Me siento muy cerca de Santo Tomás, al igual que del resto de los apóstoles. El hecho de que Jesús escogiera en su grupo a personas incrédulas, con dificultad para entender, tozudas, cobardes e incluso traidoras es una demostración más de que Dios no llama a los capaces sino que capacita a los que llama.

En el caso concreto de Tomás, su testimonio está más vivo que nunca en esta sociedad de los resultados, en la que todo se mide, en la que sumamos “amiguitos” y “retuits”, en la que todo se expresa en cantidades (hasta el amor)…

Nos hemos vuelto resultadistas: queremos entenderlo todo, conocerlo todo y establecemos los éxitos y los fracasos en función de nuestras cortas entendederas. Y dejamos poco espacio a la divina providencia, a la vida y a las demás personas.

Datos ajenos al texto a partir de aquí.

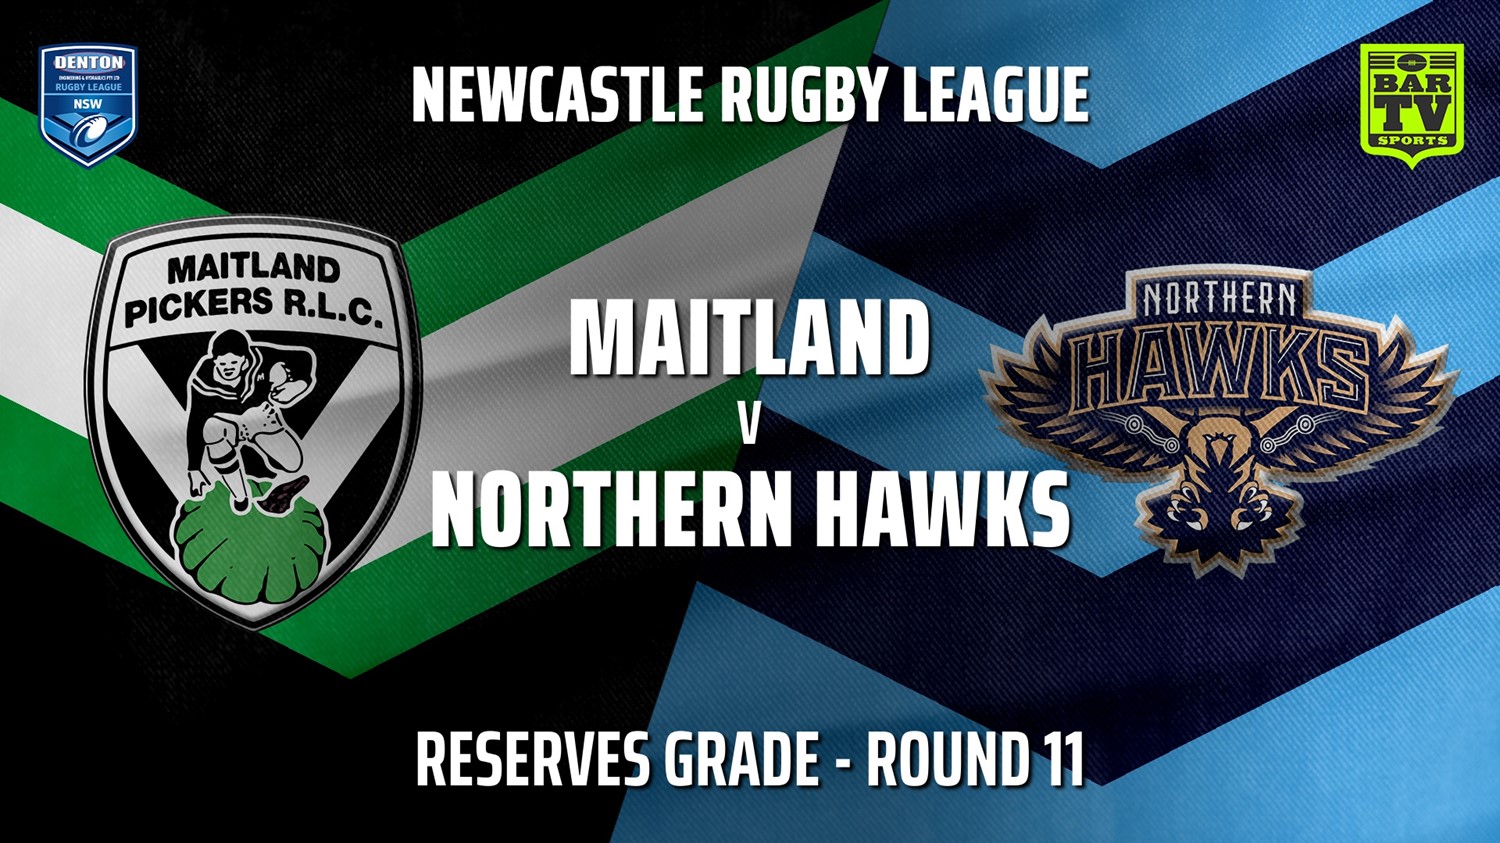 210612-Newcastle Round 11 - Reserves Grade - Maitland Pickers v Northern Hawks Slate Image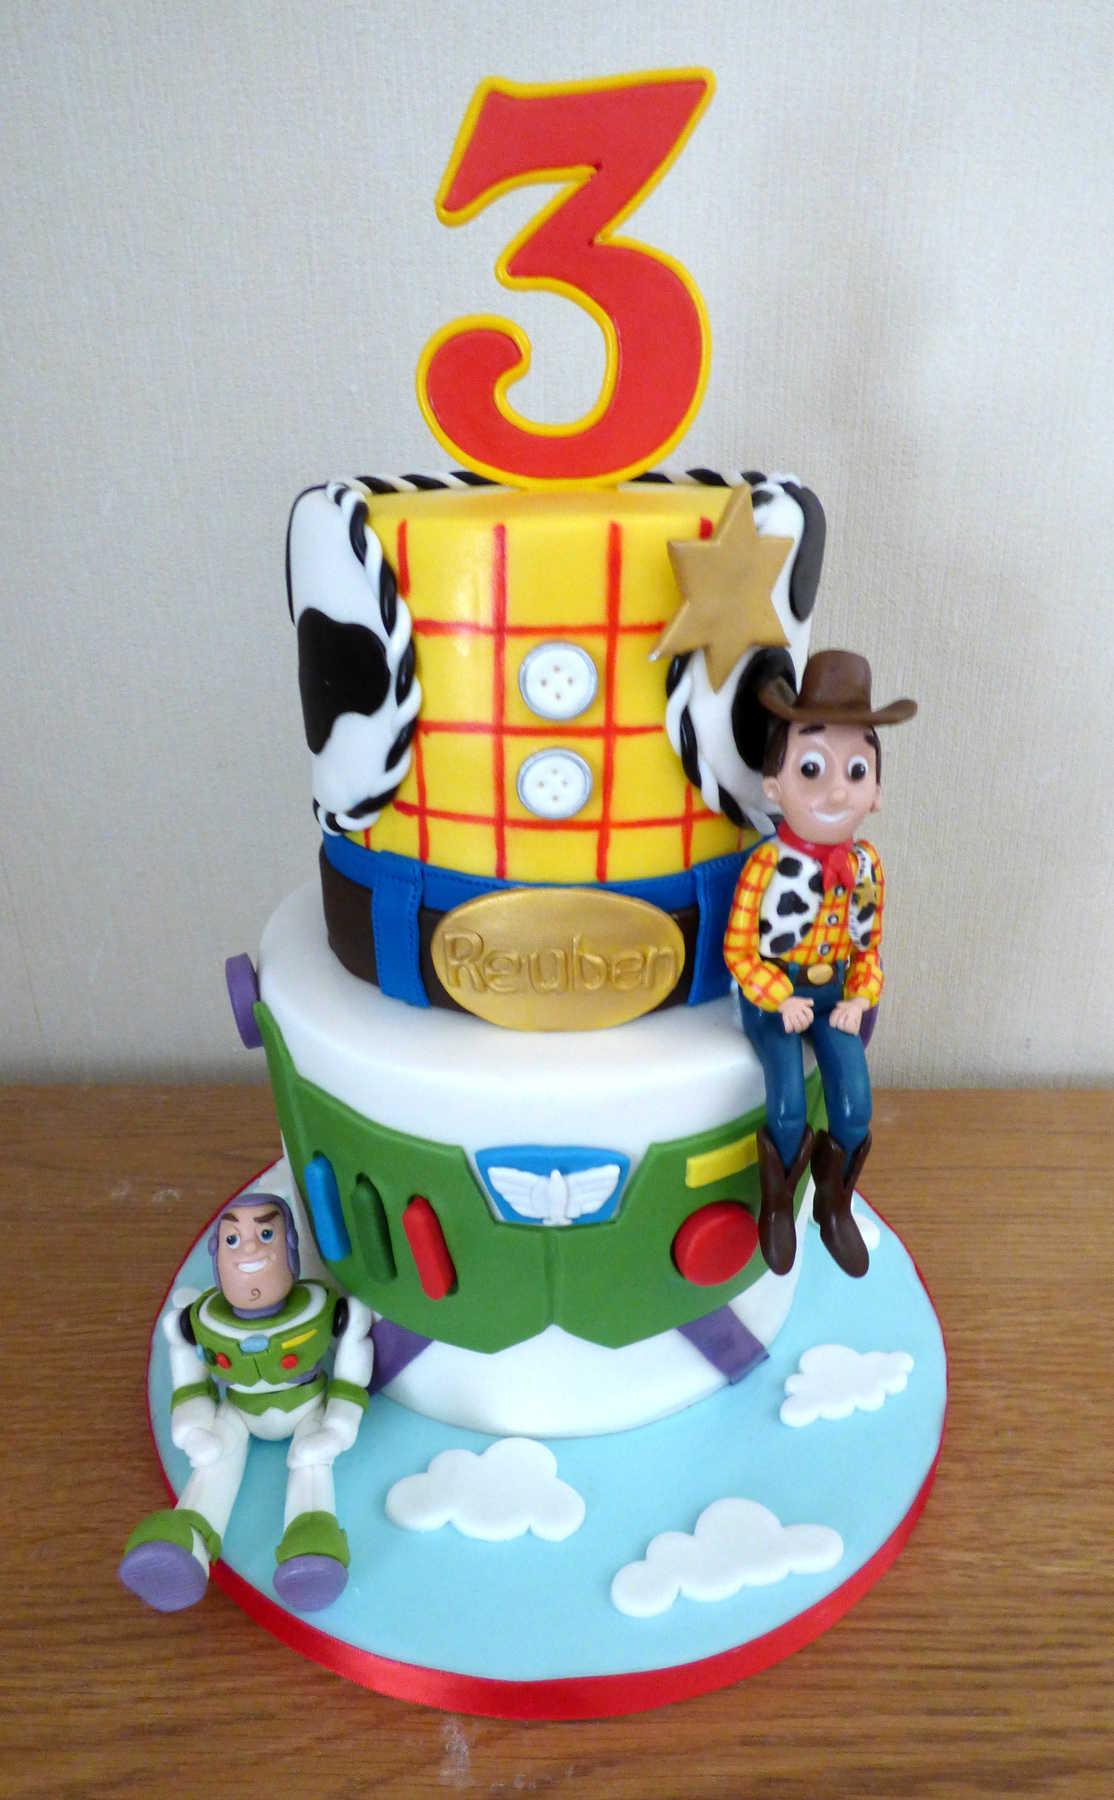 Toy Story Cake Set - Pinkcakes.com

Y en esto, como en tantas otras cosas, los cristianos no solemos ser ejemplo. Es curioso. Porque el amor y la confianza en Dios deberían ser una credencial inconfundible de personas que van por la vida sin miedos, puestas en manos del Señor, sabiendo que Él nos ama y que, como decía San Pablo, “Si Dios está con nosotros, ¿quién contra nosotros?” Rom 8, 31.

Dicho esto, se me viene a la cabeza la frase de San Ignacio de Loyola: “Actúa como si todo dependiera de ti, sabiendo que en realidad todo depende de Dios”. Es la definición perfecta del equilibrio entre la confianza y no caer en la desidia. Poner todo de nuestra parte (“dadles vosotros de comer” Lc 9,13) y, al mismo tiempo, dejar que la divina providencia y el espíritu santo nos iluminen y nos guíen, sin pretender conocerlo todo (“No os corresponde a vosotros saber los tiempos ni las épocas que el Padre ha fijado con su propia autoridad” Hch 1, 7)

Pidamos a Santo Tomás y al Señor que nos ayuden a vivir así.